I was able to complete this challenge only by looking at the example given and substituting the multiply(*) operator with the sum(+) operator and changing the function name from multiply to sum. I can’t after much thought and several videos figure out what is exactly happening. Let’s use this example —
sum ([2, 3, 4, 5] , 3 ) — I know that what the problem asks is for the sum of the first ‘n’ elements in the array, which is in this case 3 so that means 2 + 3 + 4 = 9. I don’t understand how sum (arr, n-1) + arr [ n - 1 ]; gets me there. If I replace n with 3 in this case doesn’t that then leave me with sum (arr, 2) + arr[ 2 ] ? If I use 0 indexing doesn’t that equate to 4 + 4? I need to understand what is happening in sum( arr, n-1) + arr[ n - 1 ] when I switch in a “arr” and “n” as in the function sum(arr, n) ie. what does — ‘sum(arr, n-1)’ — represent and what does— 'arr[ n-1]-- represent. If someone could please help me understand this with a detailed explanation I would be very grateful. Thanks in advance. Your code so far

function sum(arr, n) {
// Only change code below this line
if (n <= 0) {
return 0;
} else {
return sum(arr, n-1) + arr[n - 1];
}
// Only change code above this line
}

Your browser information:

User Agent is: Mozilla/5.0 (Windows NT 10.0; Win64; x64) AppleWebKit/537.36 (KHTML, like Gecko) Chrome/114.0.0.0 Safari/537.36

Challenge: Basic JavaScript - Replace Loops using Recursion

Let’s review. You correctly said above that if n = 3 and so we call the function as sum(arr, 3) then it will return sum(arr, 2) + arr[ 2 ] and replacing arr[2] with its value gives you sum(arr, 2) + 4.

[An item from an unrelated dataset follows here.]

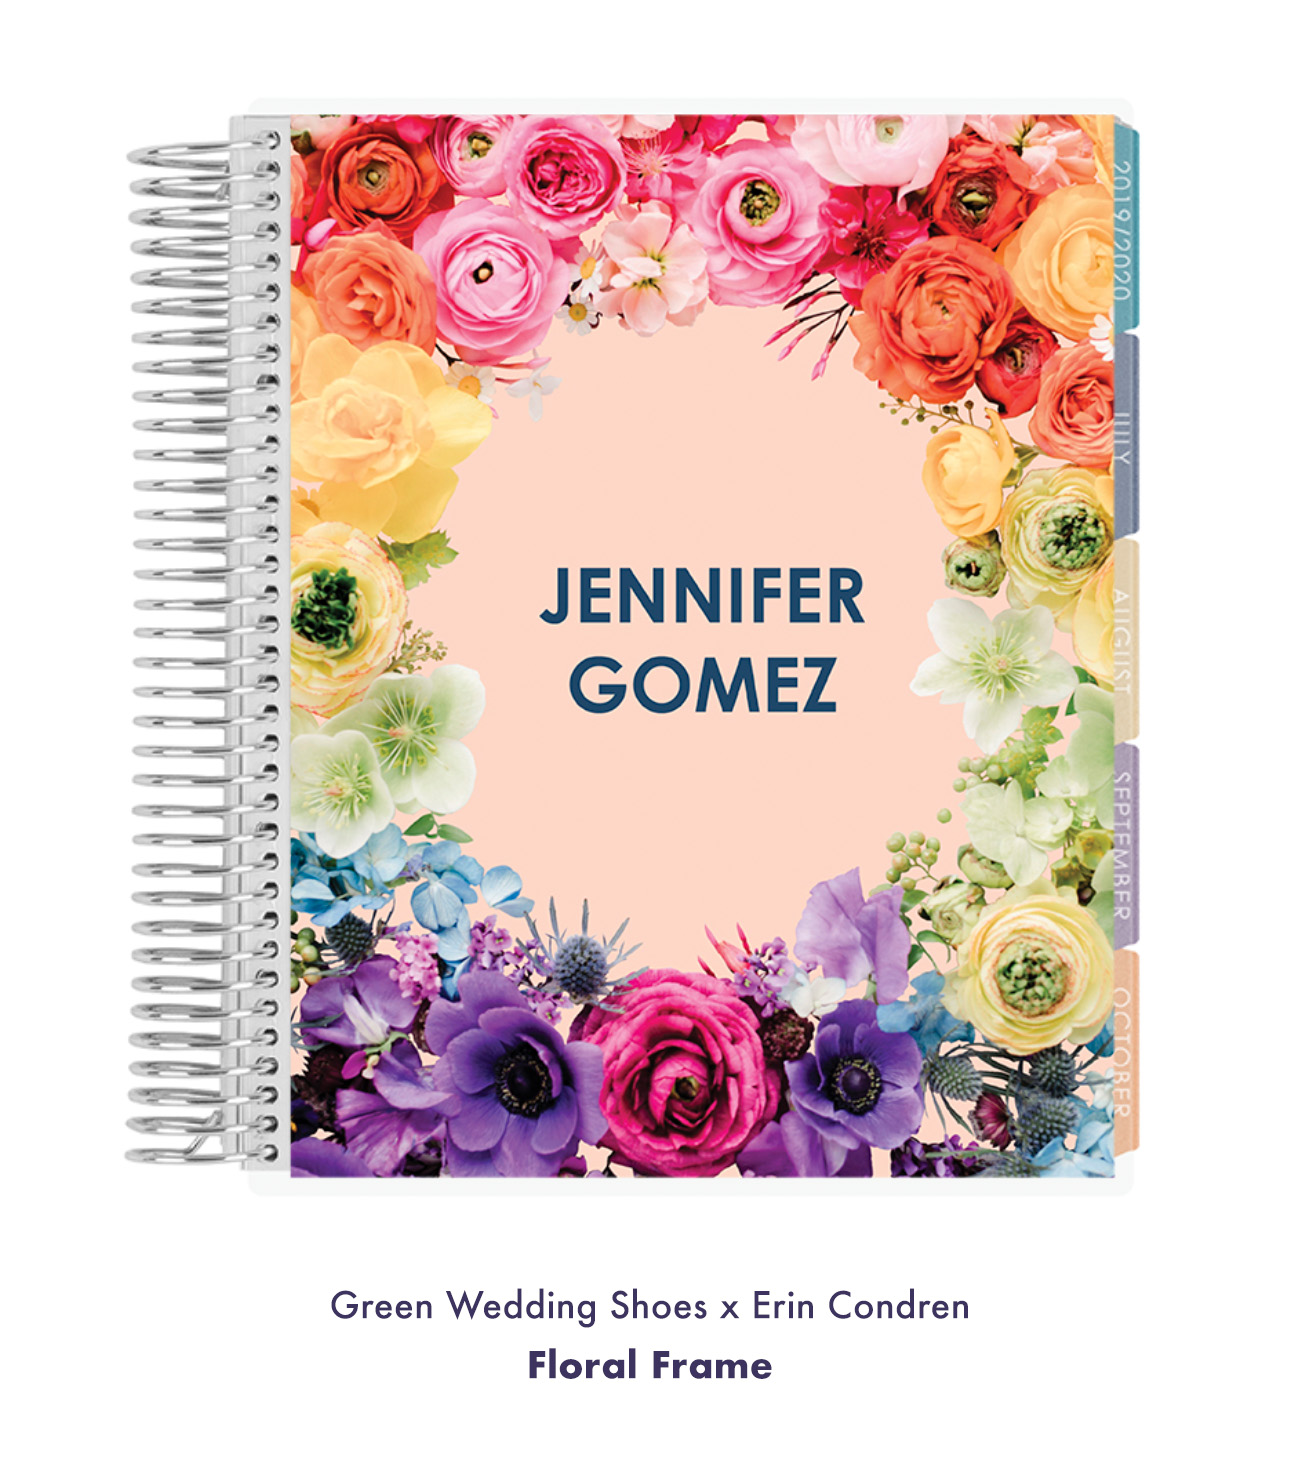 Green Wedding Shoes x Erin Condren Floral Frame Design

Then I asked you what sum(arr, 2) returns. I need you to do the same thing you did above for sum(arr, 3) except this time for sum(arr, 2).

I am assuming (arr, 1) , but if I take away 1 from (arr, 2) don’t I have to take away another 1 from arr[2] changing the number? is the “2” in (arr, 2) literally just the 2 elements “2” + “3”, so no 0 index.

Not quite, sum([2, 3, 4, 5], 2) cannot return sum([2, 3, 4, 5], 2) + 4 because then we’d be stuck making the same call back to sum([2, 3, 4, 5], 2) forever and ever and ever and ever.